By Sir Hardly Anyone
Anyone who knows their Liverpool history, will know that not only was it a city, like Bristol, centrally involved in the slave trade, but that it has a couple of football clubs close to each other. And it seems one of those clubs of that ilk has a thing about its name. A story which I am going to try and tell.
Our story begins with a club called Everton, which played in a ground owned by the one time Lord Mayor of Liverpool, John Houlding.
The ex-Mayor wanted to raise the rent on the ground (rather as the landlord of the Invicta Stadium in Plumstead did for Woolwich Arsenal in 1892 – the same year as the Everton dispute arose in fact) And so when Everton wouldn’t pay up, the club moved down the road to Goodison. In fact just as Woolwich Arsenal moved across the road to the Manor Ground. (It was obviously a thing for landlords to do at the time – up the rent and say “pay or go.”)
Left with an empty stadium Mr Houlding decided to set up a new club – which he called Liverpool. All very similar to the landlord and his gang at Arsenal forming Royal Ordnance Factories FC and ending up playing in the Arsenal’s previous home – the Invicta Stadium, opposite the Manor Ground.
Interestingly the rent increase proposed for Everton (a rise of 250%) was again similar to that proposed for Arsenal, although Arsenal, being in London, were paying a much higher rent anyway, and the new Invicta rent proposed for Arsenal would have been far and away the highest paid by any club anywhere.
But in the case of Liverpool, there was then an extra twist because the owner of the Anfield ground tried to retain not only the stadium (which of course he could do as he was the owner) but also the name “Everton”. He even went so far as to register the name “Everton Football Club and Athletic Grounds Company, Limited” with Companies House – the UK’s central registration point for all limited companies.
But irrespective of what the company was called the Football League ruled that the name Everton belonged to the original club, and that the naming of the ground did not affect the naming of the club. So the owner of the now empty Anfield ground set about founding Liverpool Football Club.
Now you might think that Liverpool FC was by the 21st century famous enough already, what with it holding the city’s name, and with it having the second most number of wins of the top division in its many guises. So do they really need to protect their name? I guess so, and maybe the fact that they have won the Premier League fewer times than Blackburn Rovers or Leicester City makes them feel a bit inferior.
Of course I can’t read minds so I don’t know the thinking, but what is clear is that Liverpool FC has been trying to register the word “Liverpool” as a trademark. That would have allowed them to write their club name as Liverpool®. Possibly they might then have insisted that all the signs in the city and on the motorways etc would have had to direct people to Liverpool® as well.

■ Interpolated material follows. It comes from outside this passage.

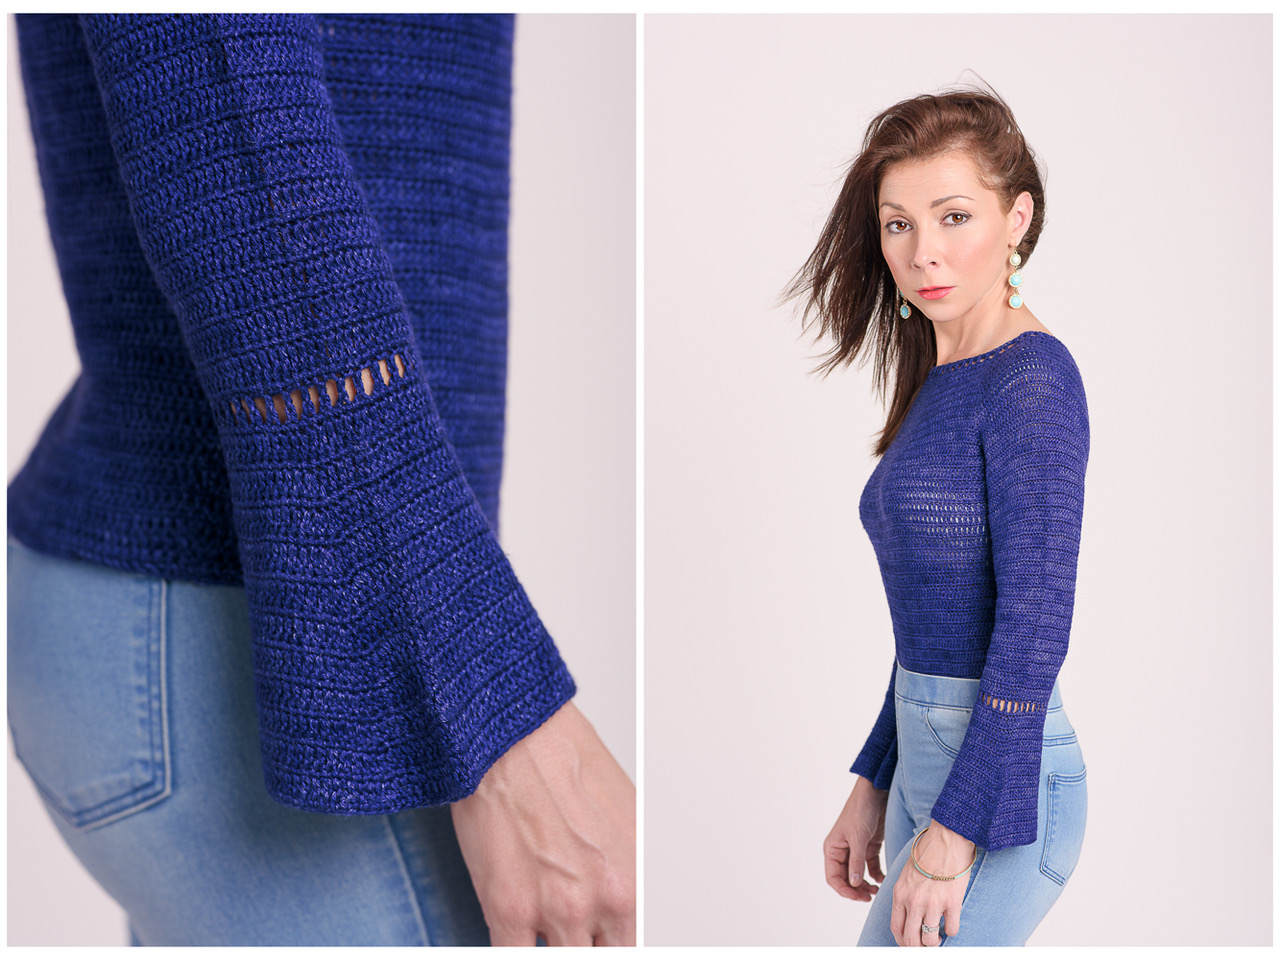 Belu crochet pullover sweater pattern

But there is a central office of government known as the Intellectual Property Office which handles such matters and they said “no”, so the club is now stuck with Liverpool™. The TM in little letters means that the owners think they have a trade mark, but the state doesn’t agree so it isn’t real.

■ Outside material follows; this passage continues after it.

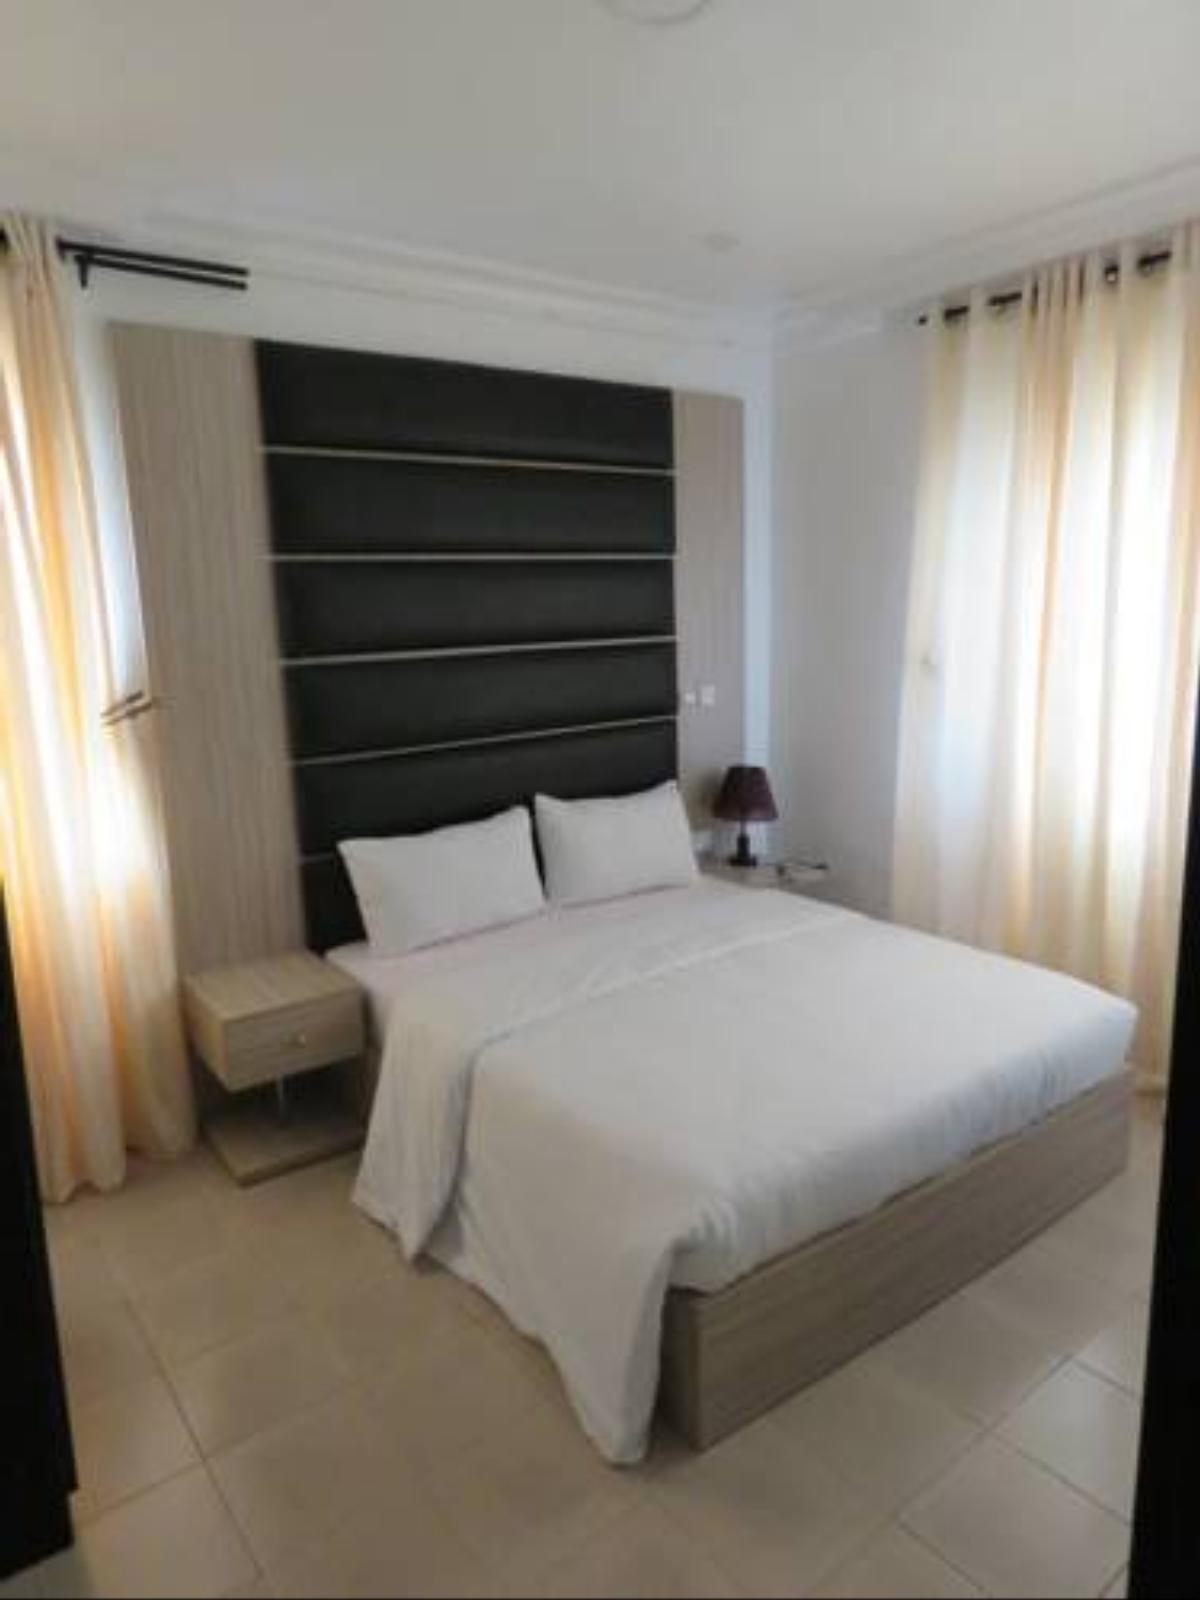 PeW Apartments Hotel Lagos Nigeria

The idea of course is a financial one – if the word “Liverpool” were to be registered as a trade mark it would stop anyone else using the word without paying money by way of a licence fee to Liverpool FC. Thus in theory that could have meant that local residents would have had to pay extra in tax so that their council could continue to call itself “Liverpool”.
Liverpool™ said that ,“We will, however, continue to aggressively pursue those large-scale operations which seek to illegally exploit our intellectual property and would urge the relevant authorities to take decisive action against such criminal activity wherever it exists.” Thus incidentally showing that not only are they not au fait with the law on trademarks, their grammar isn’t up to much either. Split infinitives indeed! Did their PR department not do English at skool?

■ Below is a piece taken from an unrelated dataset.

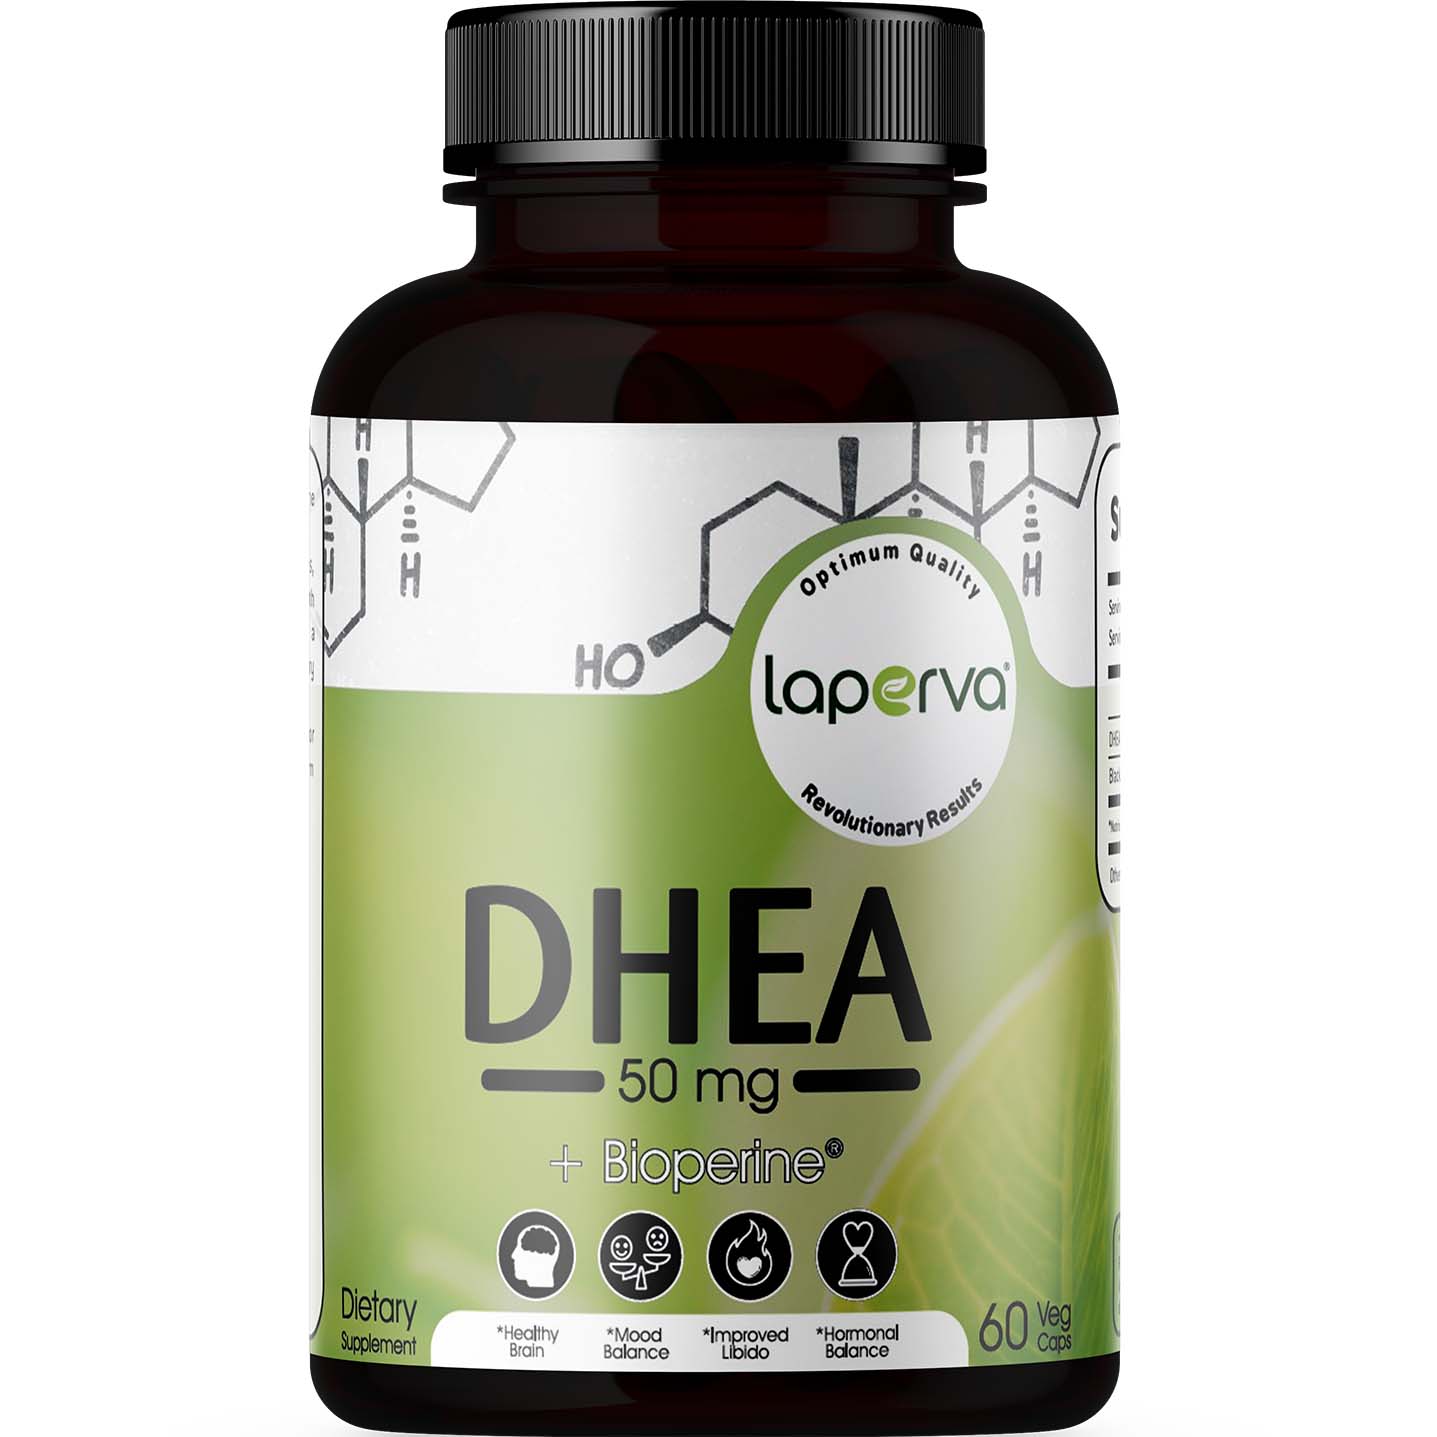 Laperva DHEA Plus Bioperine 60 Veggie Capsules 50 mg

Of course we shall acknowledge their right to protect themselves by referring to the club at all times from now on as Liverpool ™ as that seems only fair. Indeed we did edge towards such thinking some time ago when we used to list them in the league table as Liverpool! – a reflection of the way in which media commentators generally wrote and spoke about them. Actually maybe it was Liverpool! that made them want to become Liverpool™.
That exclamation got lost somewhere a few years ago, but this is a good reminder, and Liverpool™ seems to sum up the club and its view of itself rather well.
And I must seriously add a note about Spirit of Shakly football supporters union, which opposed the move towards the trade mark registration. Nice to see.